A Pew study found that the net worth of white households is 10 times that of Hispanics and 13 times that of blacks.

Recovery From the Great Recession Has Not Been Colorblind Photo (cc) by StockMonkeys.com

The Great Recession took a toll on all Americans. But even though the economy has bounced back, the aftershocks have been especially hard on blacks and Hispanics, the result of which is an ever broadening wealth divide along racial and ethnic lines.

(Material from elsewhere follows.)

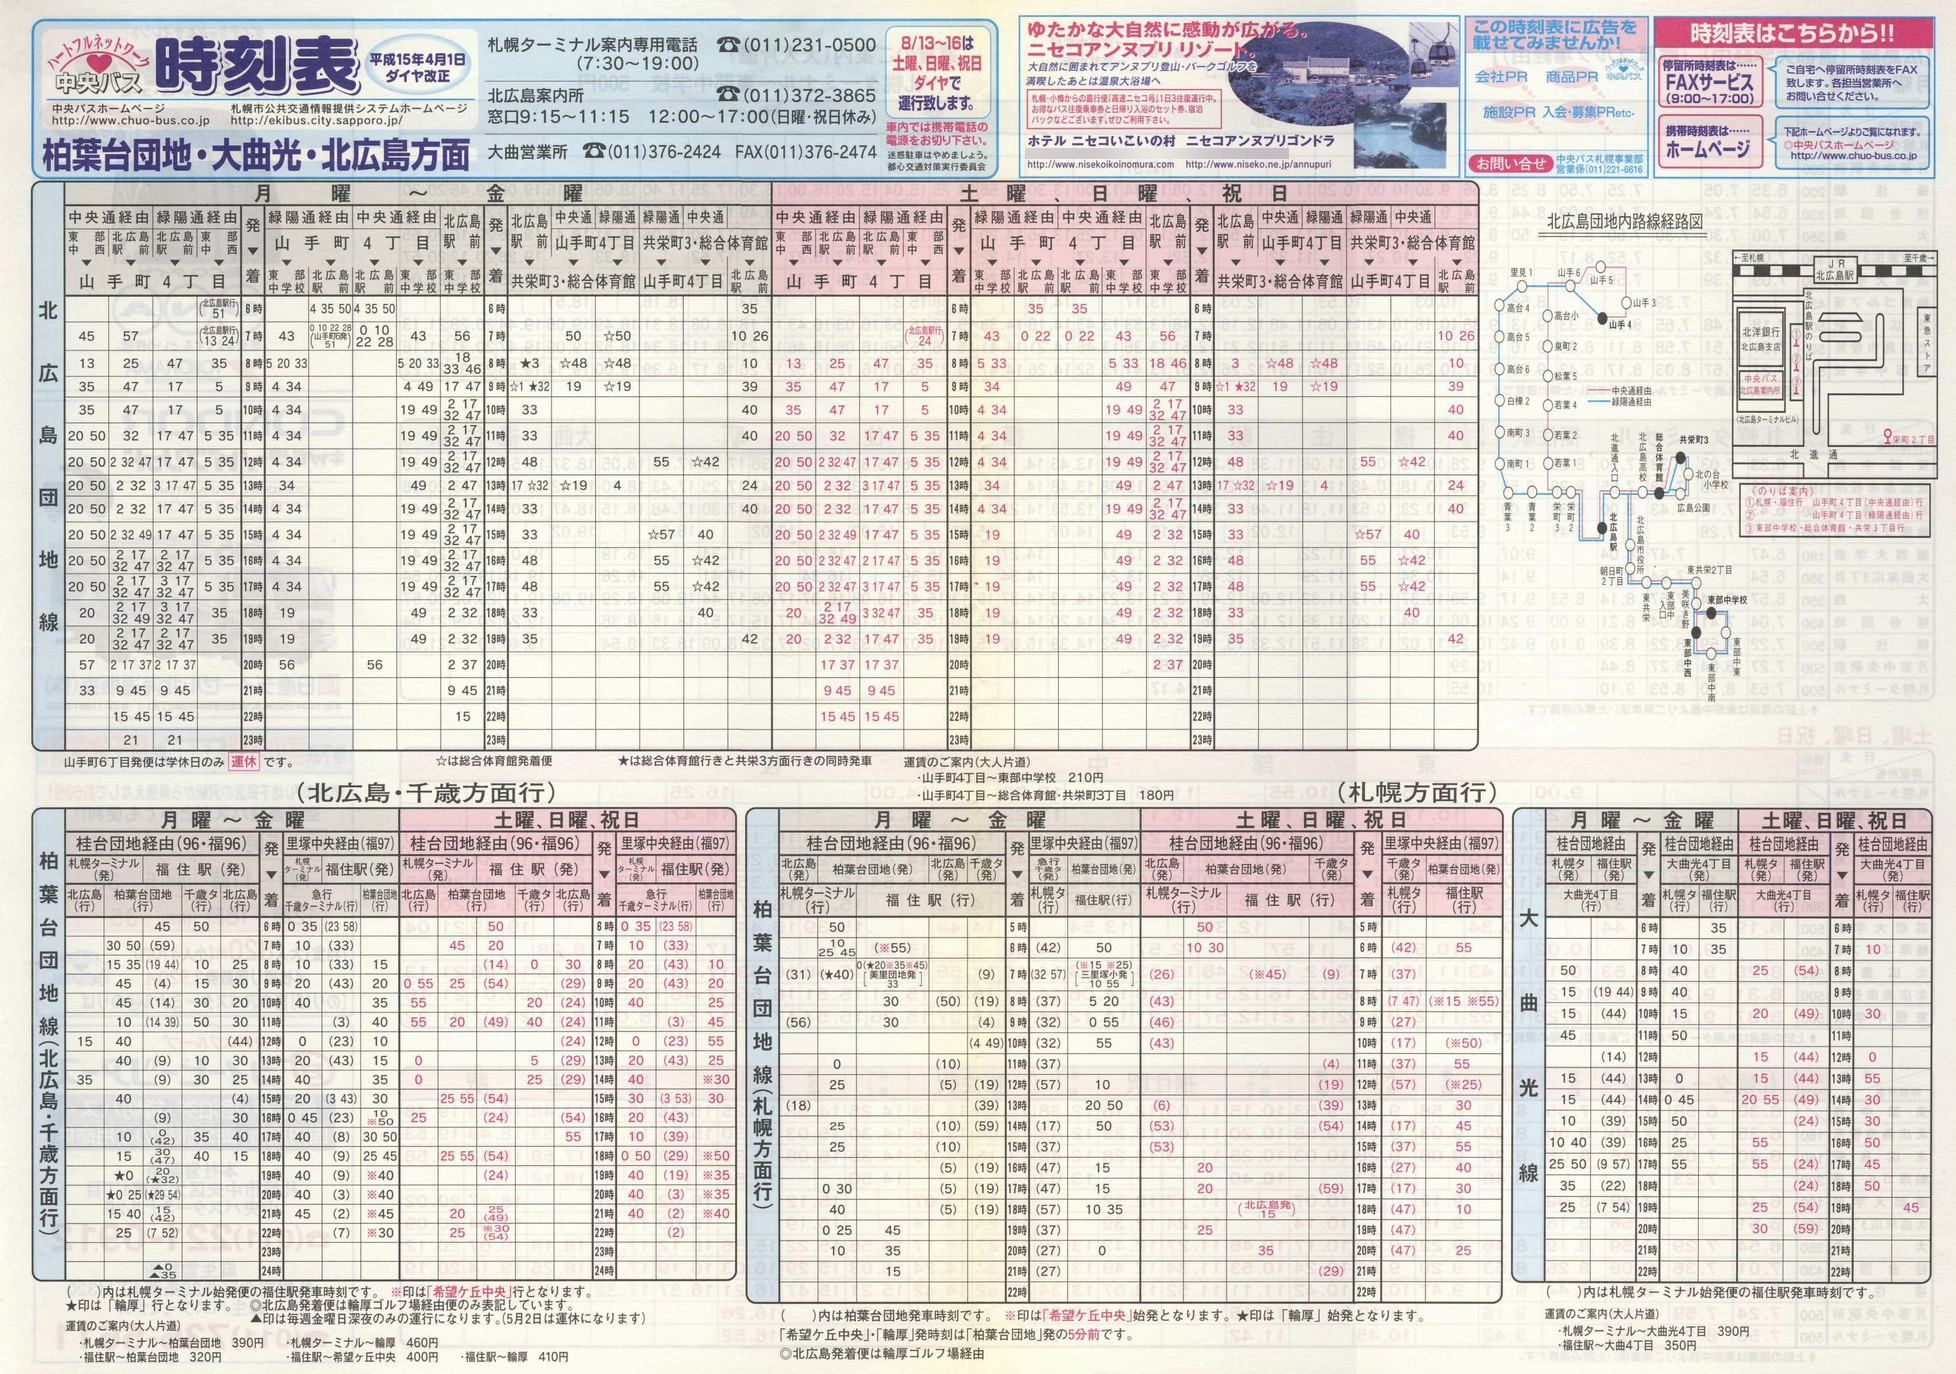 2003-04-01改正_北海道中央バス(札幌)_柏葉台団地・大曲光・北広島方面時刻表表面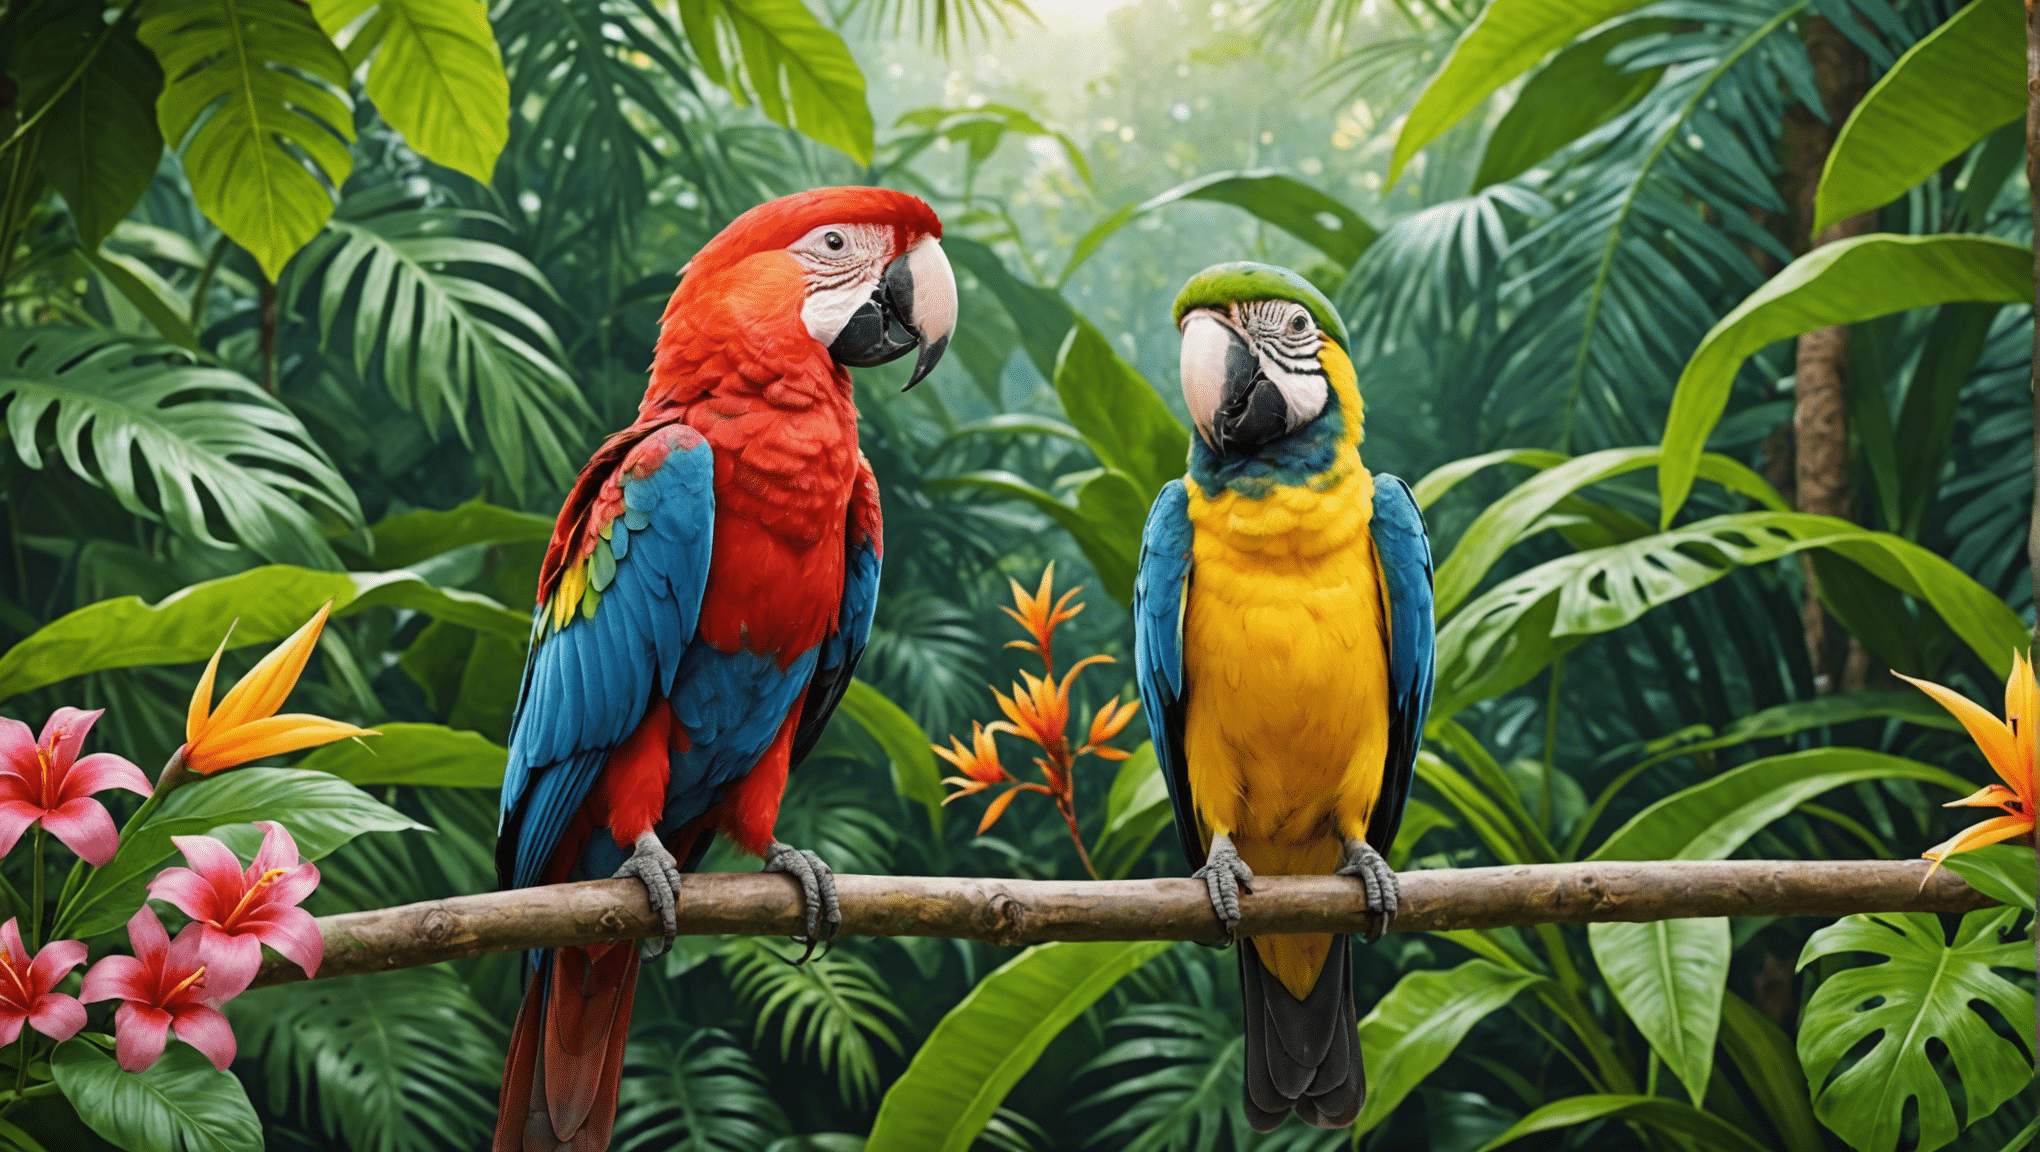 Entdecken Sie die bezaubernde Welt der tropischen Vögel mit unserer faszinierenden Sammlung von Artikeln und Bildern.

That’s according to a new Pew Research Center report, which found that white households had a median wealth eight times greater than black households in 2010 and nine times greater than Hispanic households. By 2013, whites’ median net worth was 13 times that of African-Americans and 10 times that of Hispanics. The report said:

The current gap between blacks and whites has reached its highest point since 1989, when whites had 17 times the wealth of black households. The current white-to-Hispanic wealth ratio has reached a level not seen since 2001.

The median net worth of American families taken as a whole took a hit during the Great Recession, a 39.4 percent reduction overall, Pew says. But, once again, a closer look at the racial and ethnic breakdown is startling.

“Between 2007 and 2010, the net worth for white families fell by $53,900 to $138,600; by $2,600 for black families to $16,600; and by $7,600 to $16,000 for Hispanic families,” the Pittsburgh Post-Gazette said.

Since 2010, whites have recovered somewhat, increasing their wealth by 2.4 percent by 2013. Meanwhile, African-Americans experienced a 33.7 percent drop in wealth and Hispanics had a 14.3 percent drop.

Overall, regardless of ethnicity or race, median wealth is still less than its pre-recession level, the report said.

“The racial and ethnic wealth gaps in 2013 are at or about their highest levels observed in the 30 years for which we have data,” Pew said.

Pew used data from the Federal Reserve’s Survey of Consumer Finances to create the report.